Di Singapura, di mana Delta adalah varian yang paling umum, pejabat pemerintah melaporkan pada hari Jumat bahwa tiga perempat dari kasus virus corona terjadi di antara individu yang divaksinasi, meskipun tidak ada yang sakit parah.
Pejabat kesehatan Israel mengatakan 60% dari kasus COVID-19 yang dirawat di rumah sakit saat ini terjadi pada orang yang divaksinasi. Kebanyakan dari mereka berusia 60 tahun atau lebih dan sering memiliki masalah kesehatan yang mendasarinya.
Di Amerika Serikat, yang telah mengalami lebih banyak kasus dan kematian COVID-19 daripada negara lain, varian Delta mewakili sekitar 83% infeksi baru. Sejauh ini, orang yang tidak divaksinasi mewakili hampir 97% kasus yang parah.

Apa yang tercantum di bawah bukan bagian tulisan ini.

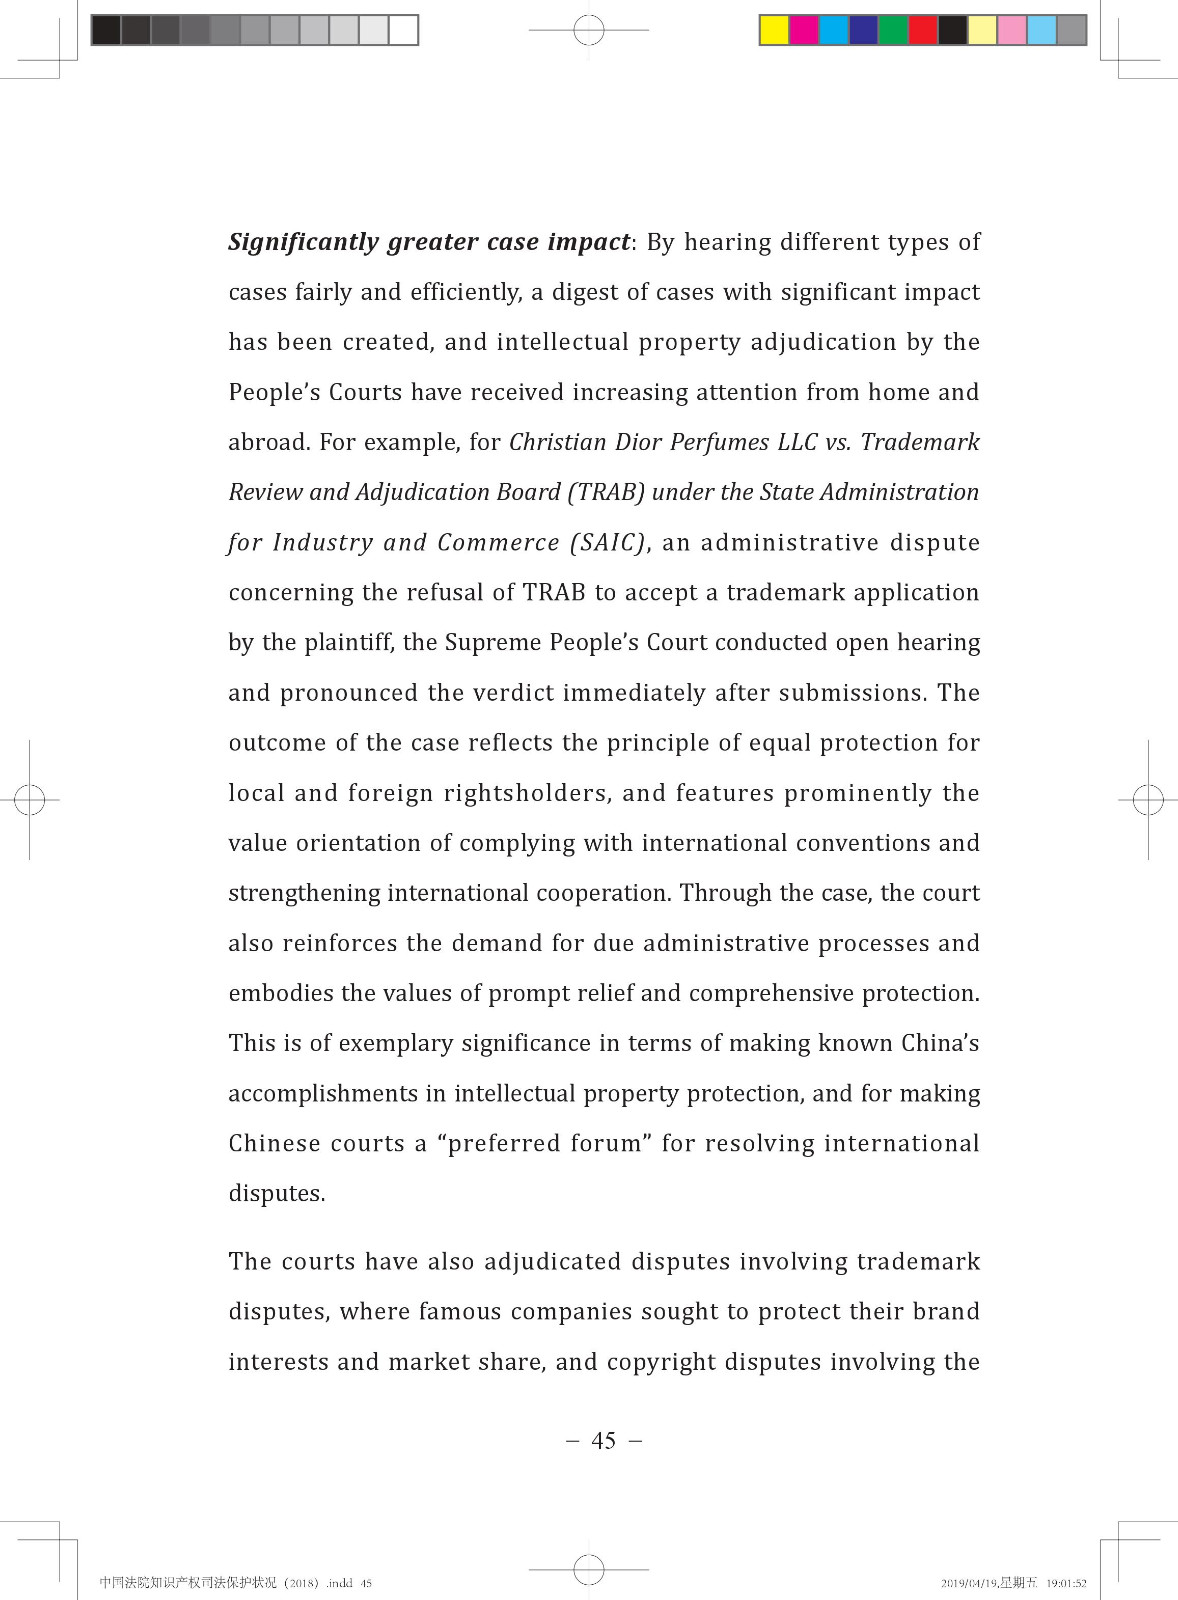 《中国法院知识产权司法保护状况（2018年）》白皮书全文

Dr. Monica Gandhi, seorang dokter penyakit menular di University of California, San Francisco, mengatakan banyak orang yang divaksinasi “sangat kecewa” karena mereka tidak 100% terlindungi dari infeksi ringan. Tetapi fakta bahwa hampir semua warga Amerika yang dirawat di rumah sakit dengan COVID-19 saat ini tidak divaksinasi “adalah keefektifan yang cukup mencengangkan,” katanya.
‘PELAJARAN KITA’
“Selalu ada ilusi bahwa ada peluru ajaib yang akan menyelesaikan semua masalah kita. Virus corona memberi kita pelajaran,” kata Nadav Davidovitch, direktur sekolah kesehatan masyarakat Universitas Ben Gurion di Israel.

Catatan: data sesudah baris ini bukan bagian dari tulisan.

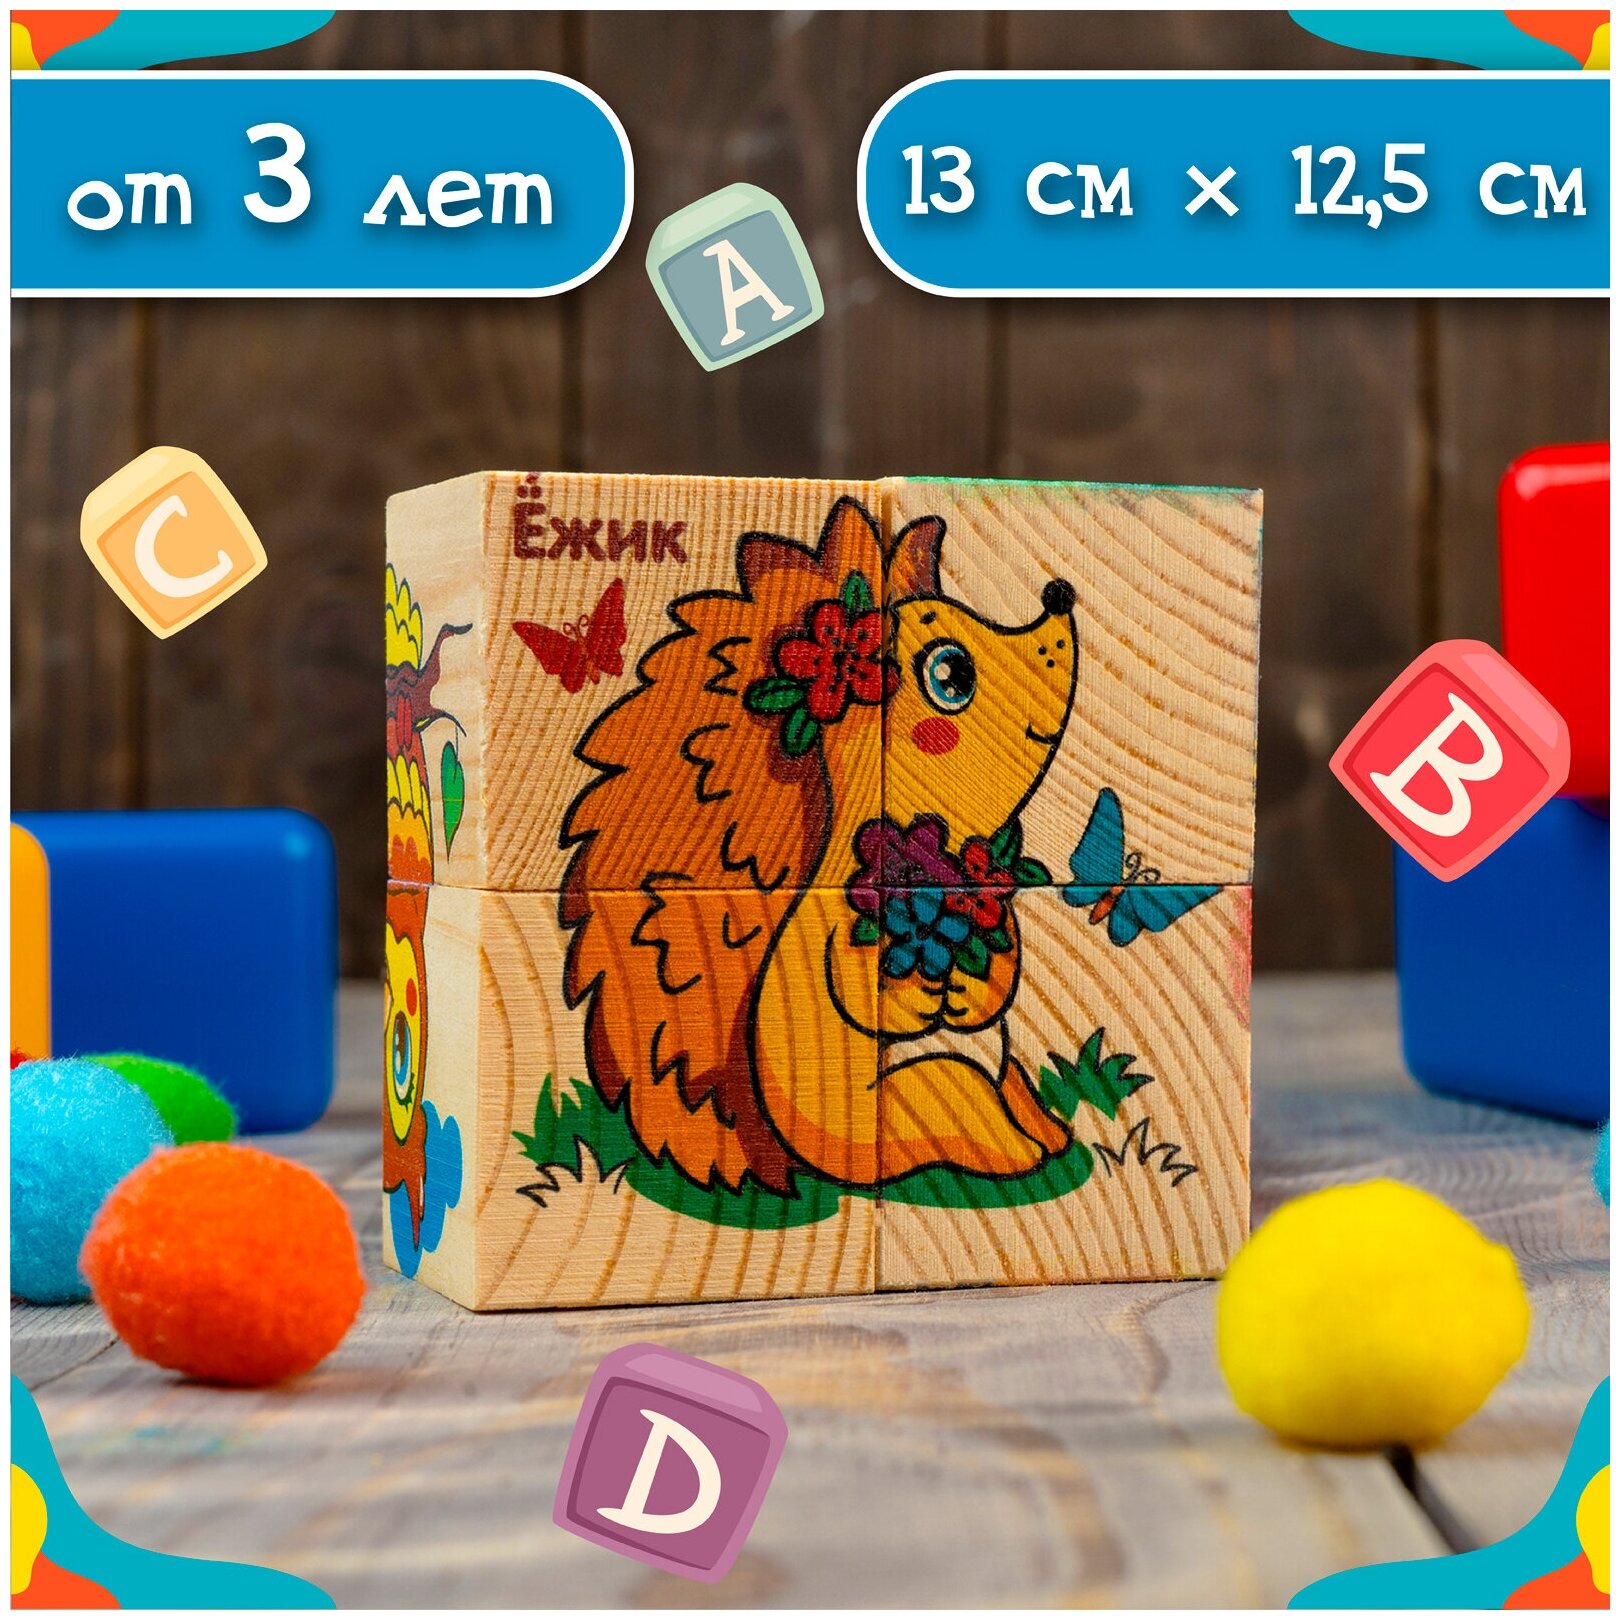 Кубики деревянные «Учим животных», набор 4 шт.

Vaksin Pfizer/BioNTech, salah satu yang paling efektif melawan COVID-19 sejauh ini, tampaknya hanya 41% efektif dalam menghentikan infeksi bergejala di Israel selama sebulan terakhir ketika varian Delta menyebar, menurut data pemerintah Israel. Pakar Israel mengatakan informasi ini memerlukan analisis lebih lanjut sebelum kesimpulan dapat ditarik.
“Perlindungan untuk individu sangat kuat; perlindungan untuk menginfeksi orang lain secara signifikan lebih rendah,” kata Davidovitch.
Sebuah penelitian di China menemukan bahwa orang yang terinfeksi varian Delta membawa virus 1.000 kali lebih banyak di hidung mereka dibandingkan dengan versi asli yang pertama kali diidentifikasi di Wuhan pada 2019.
“Anda sebenarnya dapat mengeluarkan lebih banyak virus dan itulah mengapa lebih menular. Itu masih diselidiki,” kata Peacock.
Virolog Shane Crotty dari La Jolla Institute for Immunology di San Diego mencatat bahwa Delta 50% lebih menular daripada varian Alpha yang pertama kali terdeteksi di Inggris.
“Ini mengalahkan semua virus lain karena penyebarannya jauh lebih efisien,” kata Crotty.
Pakar genom Eric Topol, direktur Scripps Research Translational Institute di La Jolla, California, mencatat bahwa infeksi Delta memiliki masa inkubasi yang lebih pendek dan jumlah partikel virus yang jauh lebih tinggi.
“Itulah mengapa vaksin akan ditantang. Orang-orang yang sudah divaksinasi harus sangat berhati-hati. Ini yang sulit,” kata Topol.
Di Amerika Serikat, varian Delta telah bertahan sama seperti banyak warga Amerika – yang divaksinasi dan tidak – berhenti memakai masker di dalam ruangan.
“Ini pukulan ganda,” kata Topol. “Hal terakhir yang Anda inginkan adalah melonggarkan pembatasan ketika Anda menghadapi versi virus yang paling tangguh.”
Pengembangan vaksin yang sangat efektif mungkin telah membuat banyak orang percaya bahwa setelah divaksinasi, COVID-19 hanya menimbulkan sedikit ancaman bagi mereka.
“Ketika vaksin pertama kali dikembangkan, tidak ada yang berpikir bahwa mereka akan mencegah infeksi,” kata Carlos del Rio, profesor kedokteran dan epidemiologi penyakit menular di Emory University di Atlanta. Tujuannya selalu untuk mencegah penyakit parah dan kematian, tambah del Rio.
Namun, vaksin itu sangat efektif sehingga ada tanda-tanda bahwa vaksin itu juga mencegah penularan terhadap varian virus corona sebelumnya.